Here’s a prime example of wild ones on a tree, outside (they like it cold, by the way), with normal levels of CO2 (you can also see how they got their common name, “velvet foot”):

Flammulina velutipes-Oct 28 2009

I have absolutely no idea why high CO2 would affect their growth like it does.
Below, a close-up of the very young growths from under the bark, the caps are just little smears! These were about an inch long.

very young velvet foot

Sure is a lot going on out there that we hardly ever see.

Below, pear-shaped puffballs, Lycoperdon pyriforme. I mostly cannot resist taking pics of these whenever I see them. One way to keep track of these, compared to other small, whitish puffballs, is these always grow on wood.

pear-shaped puffballs

Below, no idea what kind of mushroom, but photogenic in my book.

white mushroom

Below, a nifty example of a partial veil, the thing that makes the ring on the stem. As the cap expands it will tear away from the outer edge and leave that circle of tissue attached to the stem.

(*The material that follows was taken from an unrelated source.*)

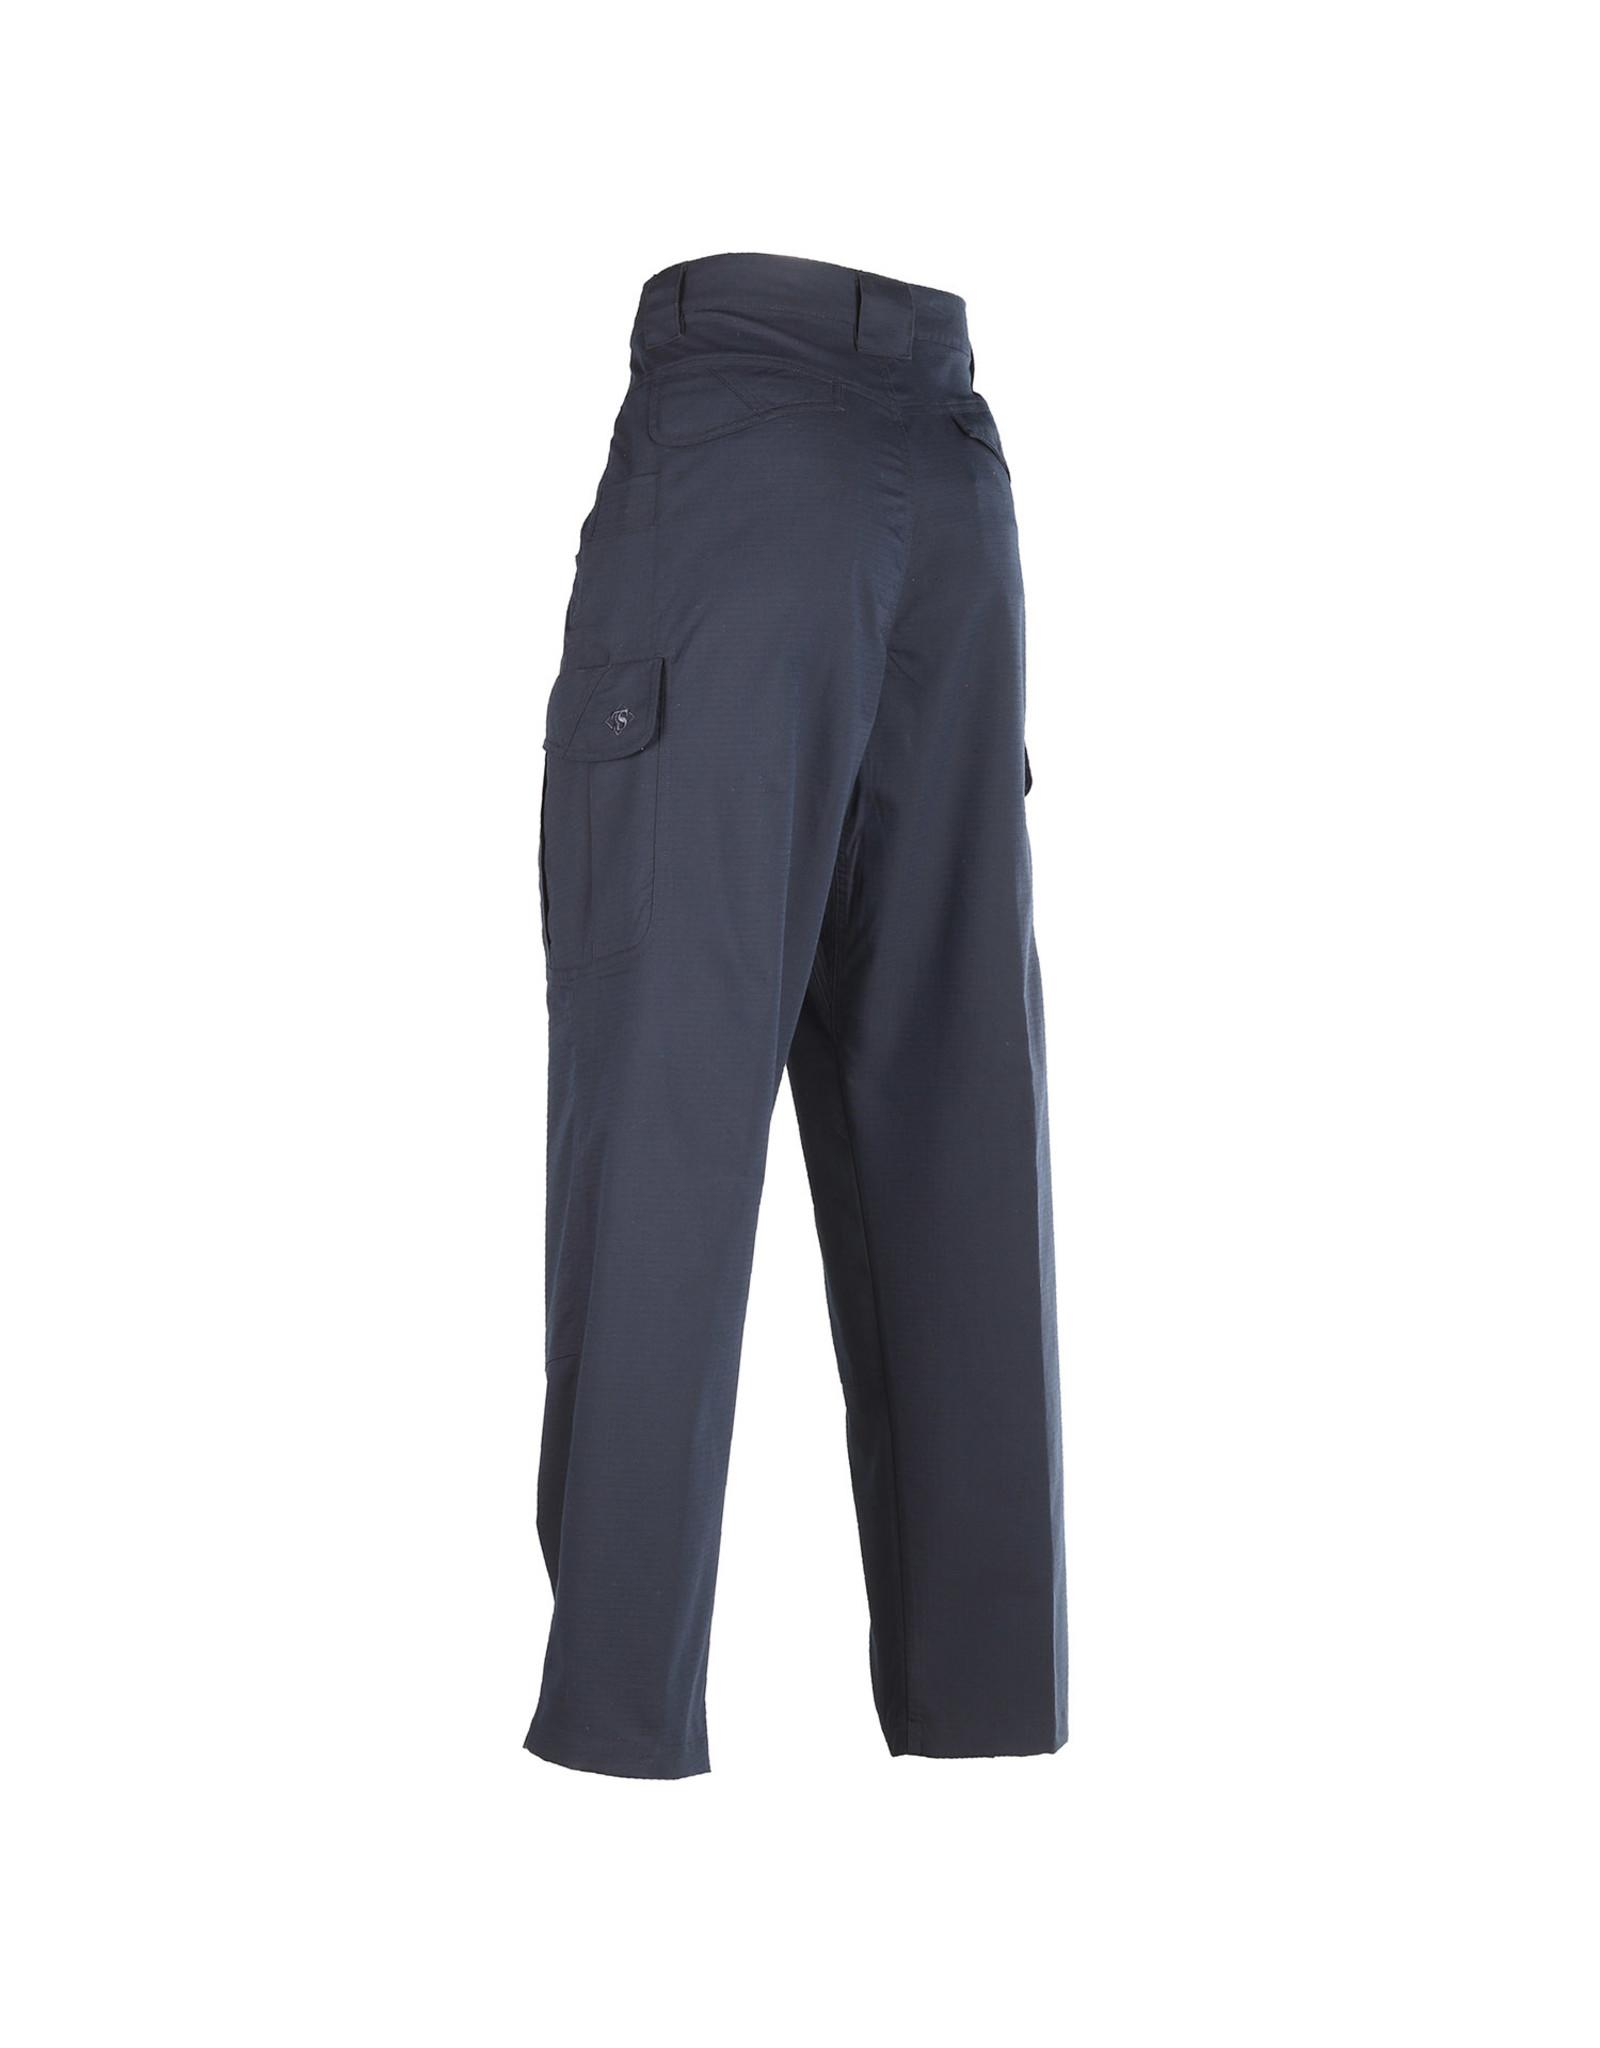 TRU-SPEC Men's 24/7 Ascent pant (unhemmed)

Agaricus placomyces partial veil

I went around and around about the ID of this one and finally mostly landed on Agaricus placomyces, but not 100%. That bit of yellow on the edge of the cap helped with diagnosis—it bruised that color after I touched it--but there were other things that would have narrowed it down further, which I missed. One guy asked me how it smelled, because A. placomyces is supposed to smell terrible. I didn’t smell it. But since then I’ve made a real point of sniffing everything.

Agaricus placomyces split

I see a box turtle just about every time I hike.

I’m always trying to get a look at their hind feet, so I can count their toes and see if it’s a Three-toed or Ornate, and they almost always suck into their shells so I can’t see their hind feet at all. Here, a front foot will have to do. Very nice claws!

box turtle claws

Since then I’ve learned there are other ways to tell those two kinds apart but I still want to see those hind toes.

Grindstone creek
Above, in one of the state parks 10 minutes from where I live.